Whatever they decided, when the time came, she would be ready.
36
‘Ain’t no talkin’ me down!’
The bars of the cell were too solid to rattle as James Gladstone tried to shake them in fury, the guards nearby taking no notice as they patrolled the block.
‘You’re wastin’ your time, man,’ said Earl Thomas from behind him. ‘We’ll be walkin’ from here soon enough, but those dudes —’ he pointed to the guards with a cynical smile — ‘they’re the ones doin’ life.’

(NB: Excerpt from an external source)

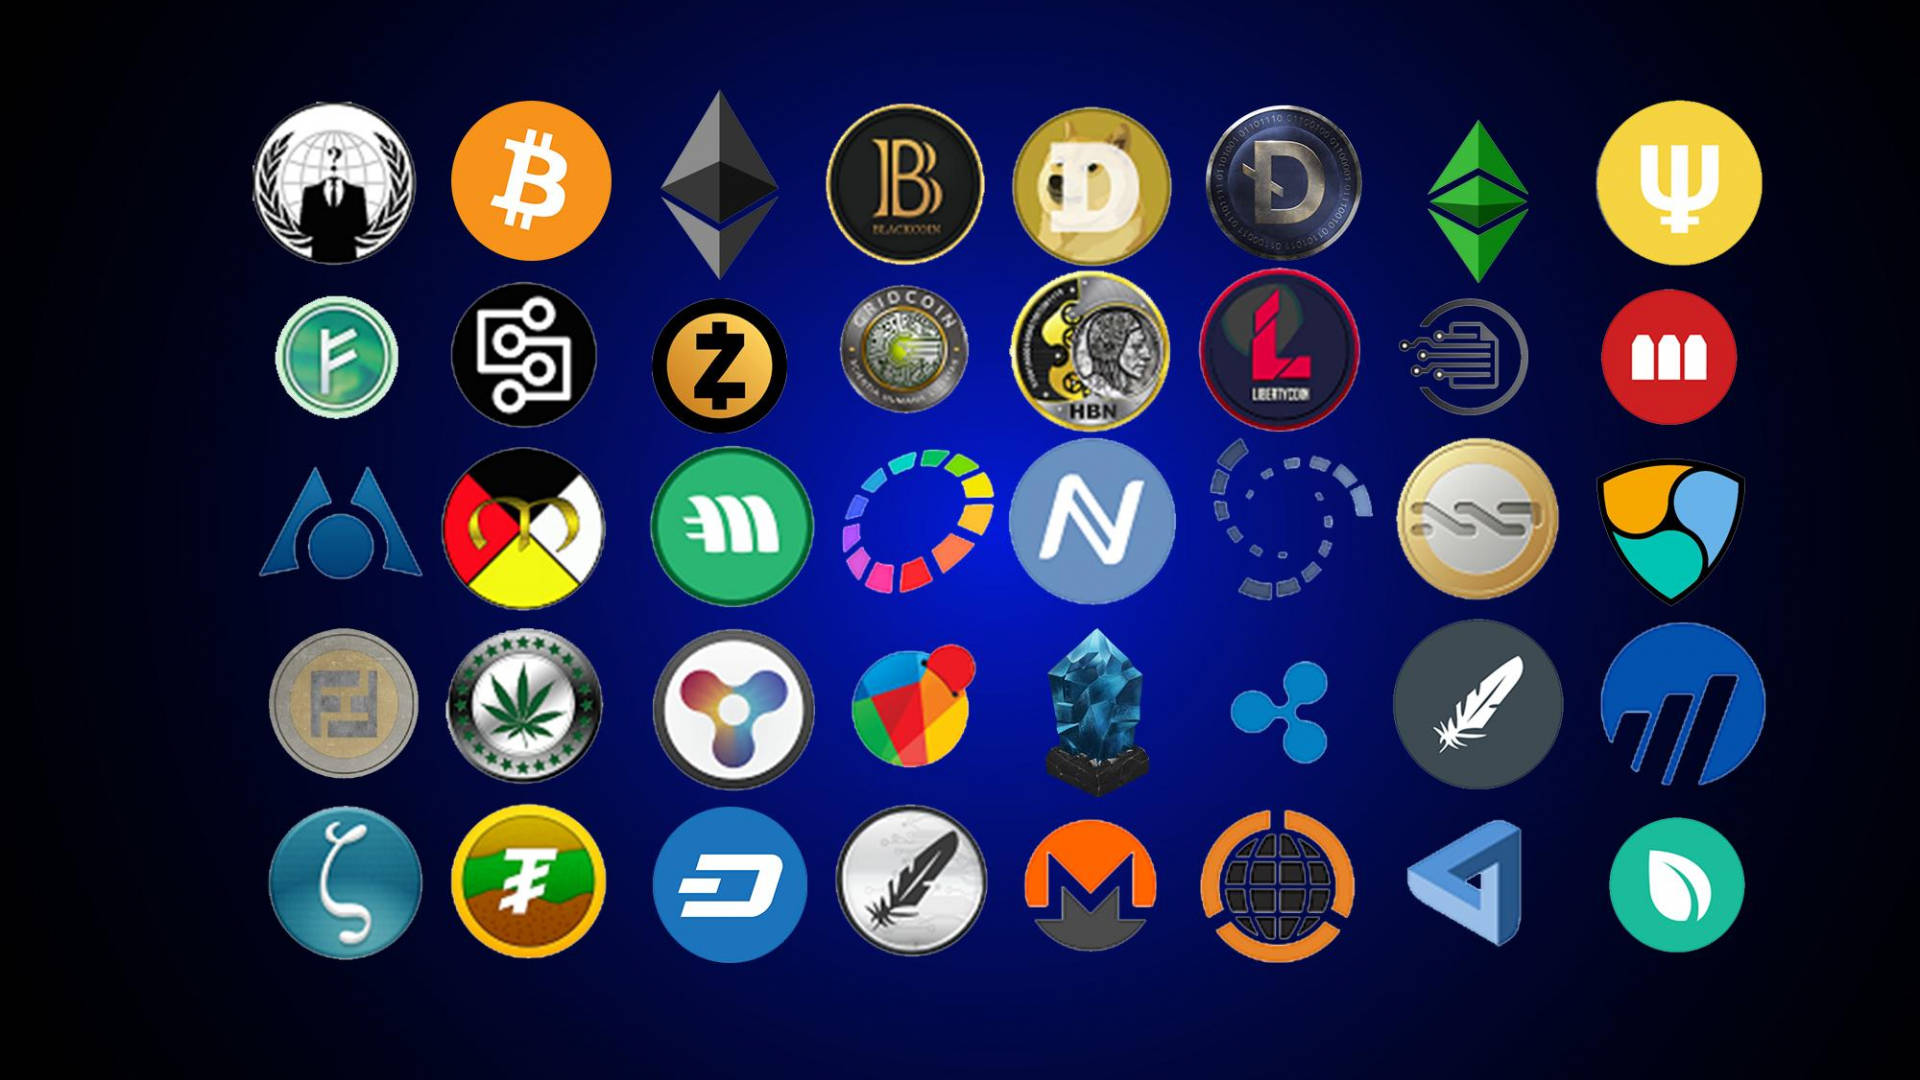 Ethereum Cryptocurrencies Icons Background

Gladstone turned away from the bars to face back into their eight-by-twelve-foot cell. White-washed cinderblock walls, two bunk beds with reed-thin mattresses, a shared sink and latrine stared back at him.
‘Man, I hate this shit.’
They had been incarcerated in the federal jail for little more than twenty-four hours, but Gladstone was already pacing up and down like an enraged, cornered bull. Six foot three and two-hundred forty pounds, he wasn’t good with confined spaces. His glossy black face was bunched up like a prune, predatory eyes searching for someone, or something, to take out his frustrations upon. Earl, on the other hand, was half Gladstone’s weight and barely five-nine. He rested back on his bunk and shrugged.
‘Just gotta bide our time,’ he insisted. ‘Ain’t nothing to worry about, long as the suit does his work right.’
Gladstone sneered at him. ‘Mighty big gamble when we’re looking at twenty-five to life.’
On the other bunk lay two scrawny prisoners, both wearing the same baggy orange correctional facility jumpsuits as Gladstone and Earl, both wearing the same anxious expressions. Their eyes were fixed fearfully upon Gladstone as he prowled up and down the cell.
‘Man,’ Earl said, ‘just cool it, okay? You’re doin’ nothing but causing yourself more grief, gettin’ all worked up.’
Gladstone’s glare fell upon their two cellmates, who both looked away from him as though they’d caught the attention of a wounded tiger.
‘Whatchoo lookin’ at?’ Gladstone boomed, pointing one heavily muscled arm at them like a shotgun. ‘You want some?’
Gladstone reached the bunks in a single pace. His height meant that he was looking down at the man lying in the top bunk.
‘I weren’t lookin’ at you man, ’kay?’
‘You callin’ me a liar?’ Gladstone growled, one fist bunching into the size of a football.
Wearily, Earl dragged himself up into a sitting position on his bunk.
‘Dude, seriously, let the kid go. You smash him to pieces, we’ll never get out of here.’ Gladstone’s huge frame trembled with frustration as he realized that there was little he could do to vent his anger. ‘James, stand down, dude.’
Gladstone backed off, lowering his fist, his jaundiced eyes fixed upon the two cowering inmates. The one on the lower bunk smirked at Gladstone.
‘That’s it, do as he says.’
The huge convict’s eyes flicked down to the inmate as he sat on the bunk. Rage swelled inside Gladstone’s immense frame as he struggled to comprehend what was happening.
‘You talkin’ down to me, boy?’
The inmate’s smirk didn’t slip. ‘Sure I am. You got beef with that, James?’